Considering task efficiency, our data conclusively demonstrated that robust threshold estimates could be obtained using fewer trials than either its 2-IFC and SIAM-YN counterparts. Indeed, the SIAM-YN task required 45% more trials, and the 2-IFC task 53% more trials, than the SIAM-TT task. However, in terms of time per block, the SIAM TT task took approximately 13% longer than the SIAM-YN task, and its trials were over 40% longer. This is explained in part by having trials in which both tracks contained blanks, and therefore the participant had to wait the fixed time. Though the SIAM-TT task was on average approximately 20 s faster than the 2-IFC task, this difference was not statistically significant. Also of remark, unlike the 2-IFC procedures, which contain one bit of information (Kaernbach, 1990) the SIAM-TT obtains two, and can thus be considered more efficient.

Finally, turning to participant-centered factors, our data showed no significant difference in learning effects across the three tasks, nor did the participants themselves report any difficulties with any of the three tasks, even though all participants were naïve. Part of this may come down to the use of laminated mats that clearly detailed both response and feedback regimens. In conclusion, the SIAM-TT task is an easily implemented psychoacoustical threshold estimation method that in terms of efficiency may possess significant advantages over the 2-IFC and SIAM-YN tasks. A further advantage is, if desired, the use of ascending and descending tracks to generate empirical psychometric functions to which theoretical models can be regressed.

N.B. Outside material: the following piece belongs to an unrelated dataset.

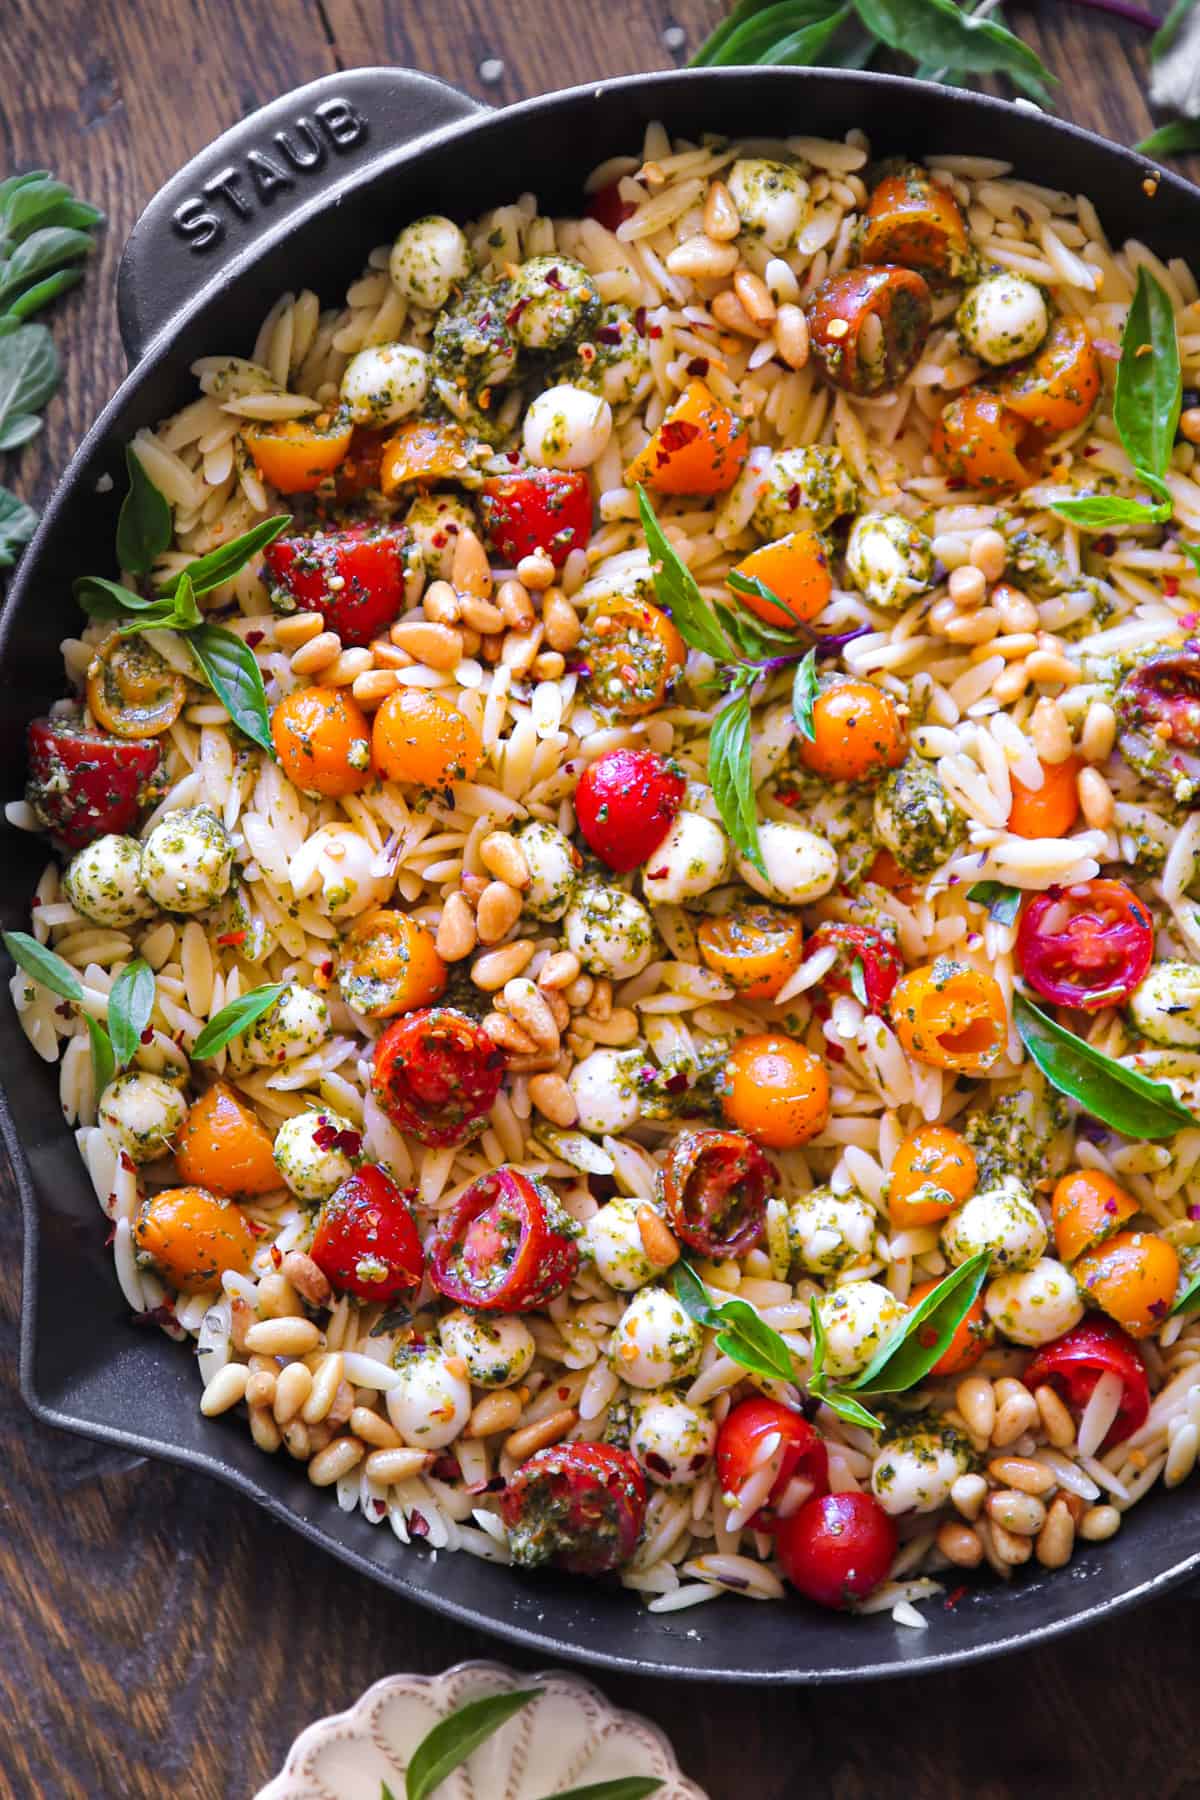 Pesto Orzo with Tomatoes, Mozzarella Cheese, and Pine Nuts - in a cast iron skillet.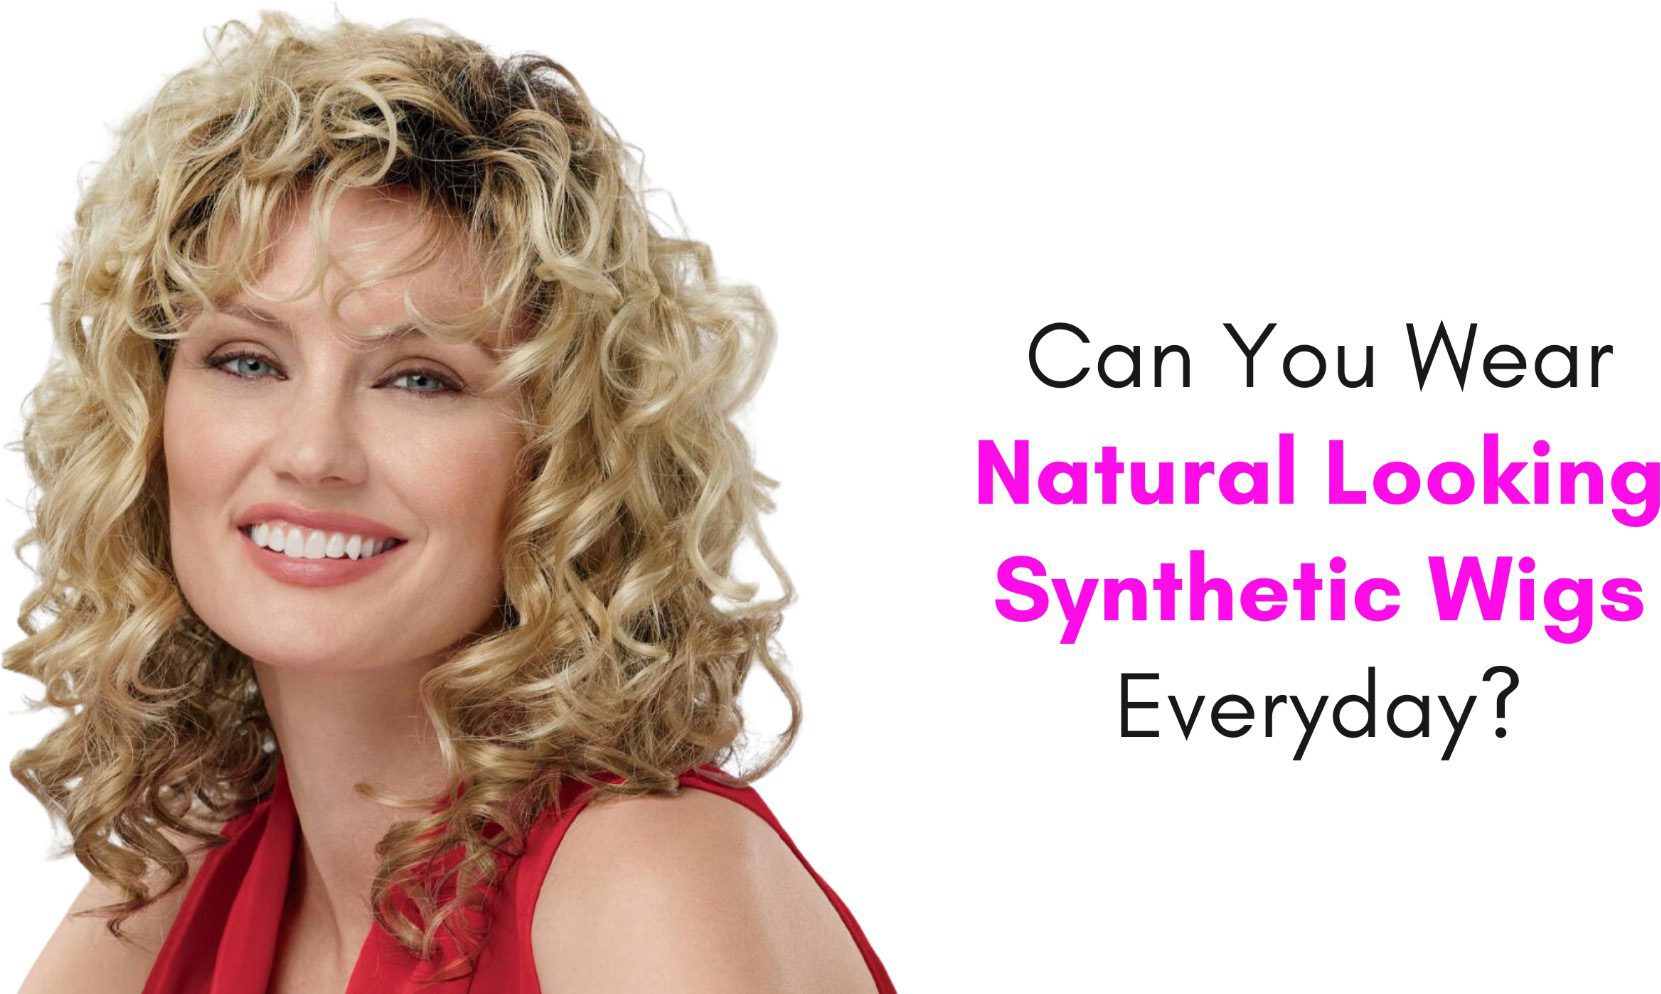 Can You Wear Natural Looking Synthetic Wigs Everyday?

4.1.2 The SIAM-rating task

As was found with the SIAM-TT task, the absolute threshold estimates obtained using the SIAM-Rating task were not statistically discernible from those calculated from the 2-IFC and SIAM-YN tasks. In particular, the pooled threshold estimate for the SIAM-rating task was not significantly different from the 2-IFC estimate, which was taken as a bench mark. Of further interest is the similarity between the SIAM-YN and Rating tasks, both being identical apart from an expanded number of response options for the latter. From the data it can be concluded that the change in response options does not impact threshold estimates, and so asks the question of the usefulness of the SIAM-Rating task over its parent task? Here, the obvious advantage is the ability of the SIAM-Rating task to generate a full ROC that is not based on a single point in ROC space, and can yield information on response bias. Pertinently, when the signal and noise distributions are both normally distributed and possess equal variances (i.e., the NN-EV model) then d′ is assumed to be independent of response bias. While the binary response regime prevents these assumptions being tested in the SIAM-YN task, they can be tested in the SIAM-Rating task. Additionally, the SIAM-Rating task may better fulfil Kaernbach’s assumption (Kaernbach, 1990) that response outcome is a reinforcer or punisher by varying the degree of reinforcement and punishment, an important area for future research (Wang et al., 2020).

Turning now to task efficiency, a block of the SIAM-Rating task took approximately the same number of trials as the SIAM-YN task, but was clearly more efficient than the 2-IFC task, needing approximately half as many trials, and consequently being completed in half the time. The SIAM-Rating task had, however, trials that were on average about 5% slower than the SIAM-YN task, but about 40% quicker than the two-interval trials of the 2-IFC task. Finally, and mirroring the SIAM-TT task, the SIAM-Rating task seemed as easy to learn as the other two tasks, as evidenced by the lack of a task x block interaction.

4.1.3 Task selection

For the psychophysicist, a central interest is sensory acuity and, furthermore, what accounts for limits in acuity. However, psychophysical techniques have been applied far beyond the primary interests of psychophysics, where efficiency may serve as the primary motivation to use adaptive procedures in the first place. It also needs to be acknowledged that when selecting tasks a number of modifications can be considered – the determination of signal level as a function of trial, when to halt a block of trials, and how to calculate threshold. However, as these customizations apply to all the tasks considered here, such modifications do not constitute selection criteria when choosing across these tasks. Rather, accuracy and efficiency are best used to inform choices of test, though the decision is complicated given the complimentary relationship between the two. Referencing the concept of ‘work’ in physics, Taylor and Creelman (1967) proposed the ‘sweat factor’ metric, where trial number is multiplied by the variance of the threshold estimate. This metric applied to the current dataset shows the 2-IFC to be more exerting than the three SIAM tasks.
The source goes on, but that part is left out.